Surekha Karudapuram, Ph.D. and David Batey, Ph.D.
MJ Research, Inc., South San Francisco, CA


Abstract
We present a real-time quantitative PCR (qPCR) protocol for the detection and quantitation of soy genetically modified to be resistant to the herbicide glyphosate. The assay utilizes SYBR Green I (SGI) detection of amplicons of the genetically modified organism (GMO) specific sequences as well as a common soy gene as a reference. The assay can detect GMO materials down to 0.5% (w/w) concentration in foods.

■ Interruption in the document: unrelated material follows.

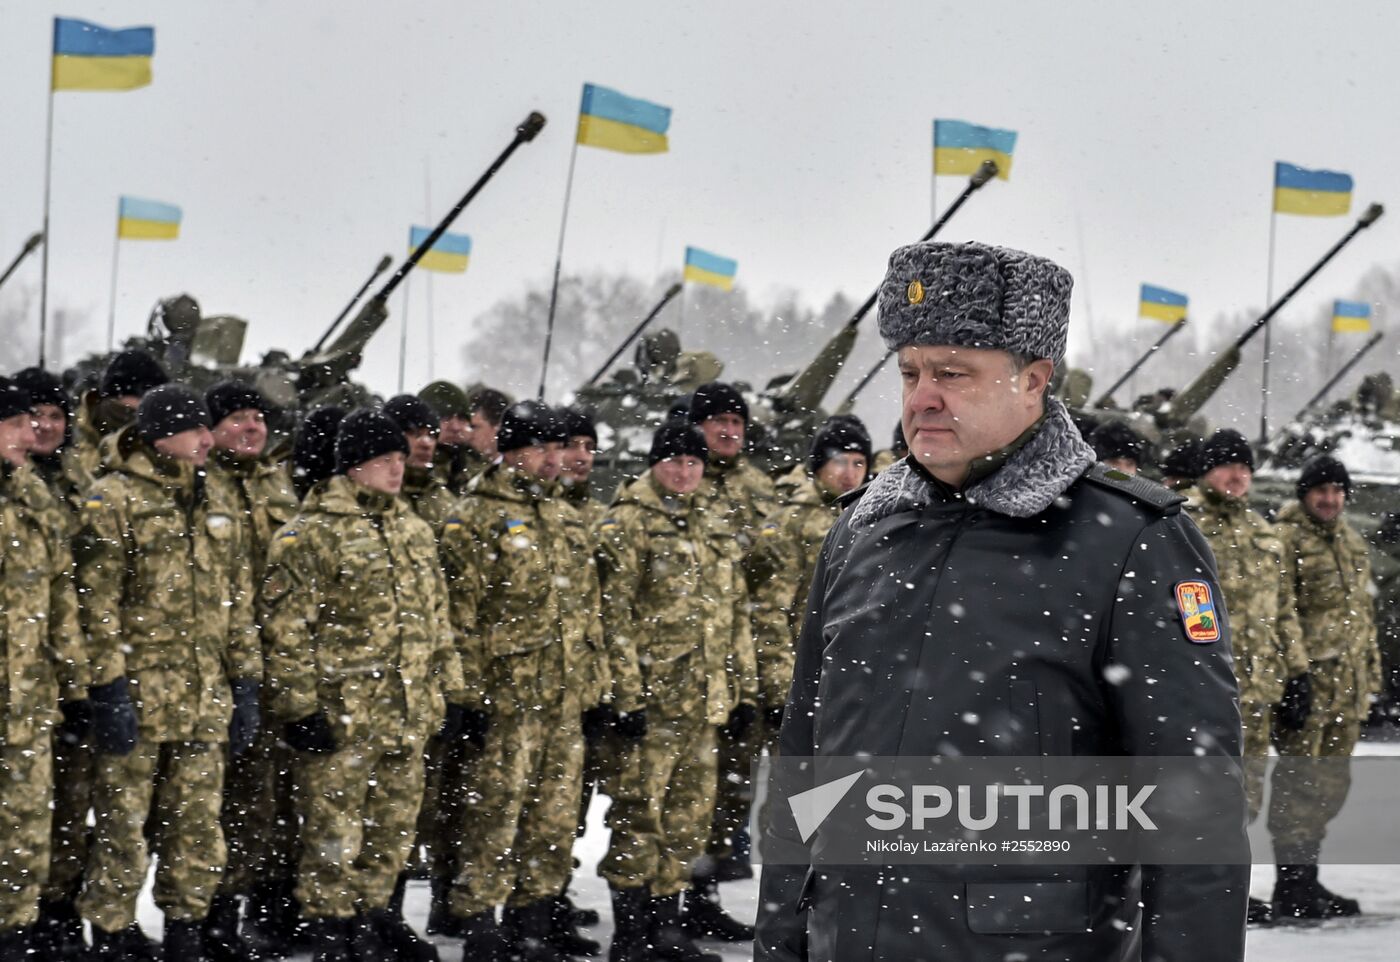 Ukrainian president Petro Poroshenko visits Zhitomir Region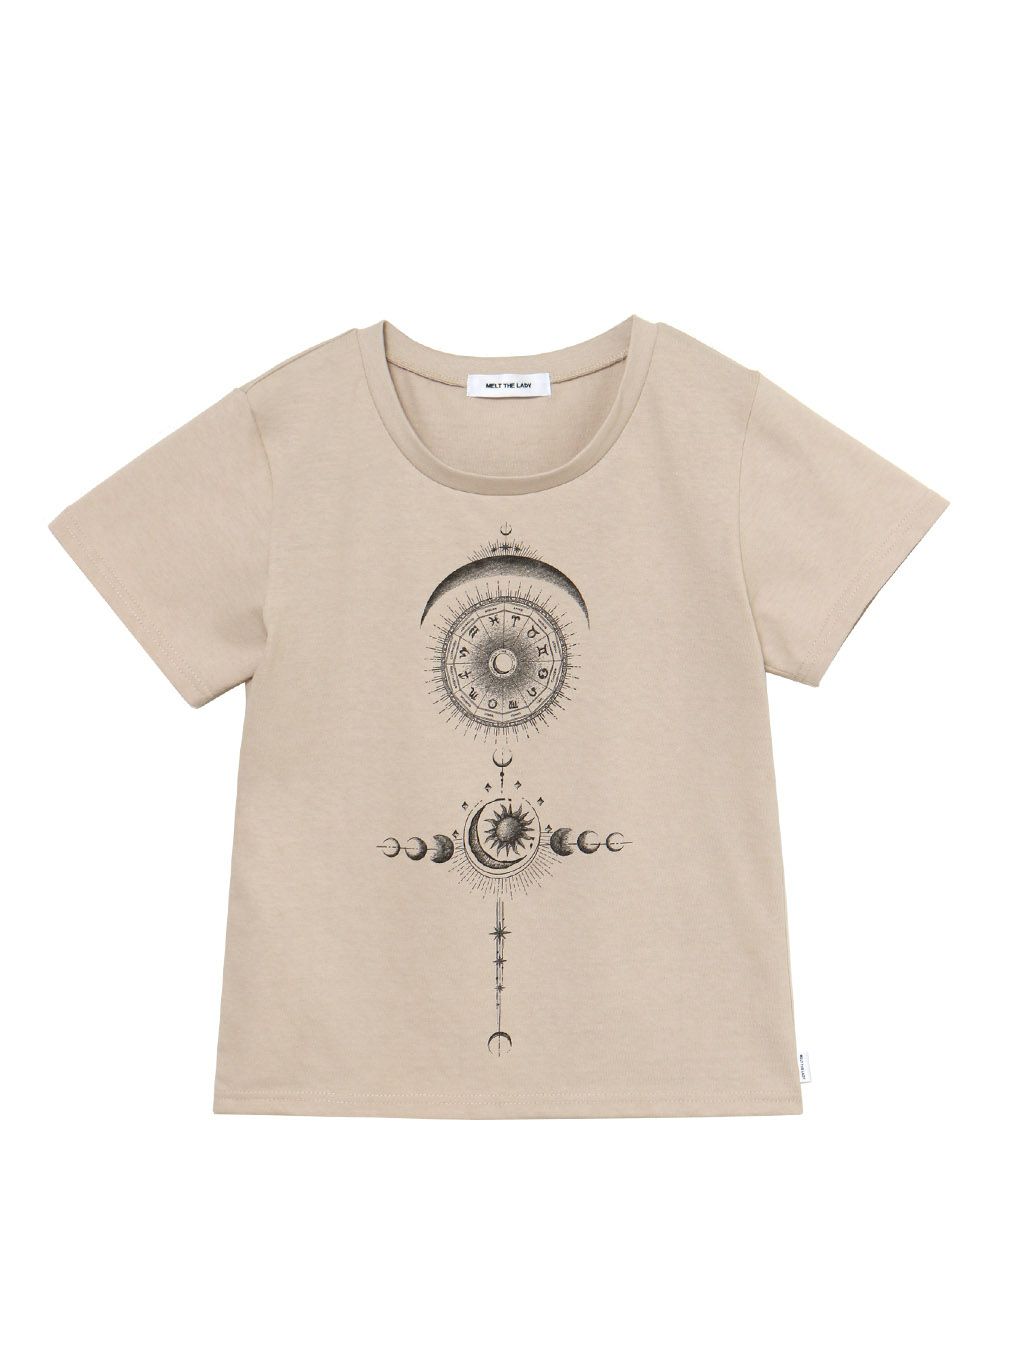 melt the lady horoscope T-shirt cropped - トップス

The use of SGI for detection makes this protocol readily adaptable for the analysis of other food crops for the presence of GMO material.


Introduction
A wide variety of food crops have been genetically engineered to contain beneficial traits such as herbicide resistance, disease resistance and insect resistance. Accurate and reliable detection of genetically modified organisms (GMOs) in foods is becoming increasingly important as the demand for labeling of GMO-containing foods increases.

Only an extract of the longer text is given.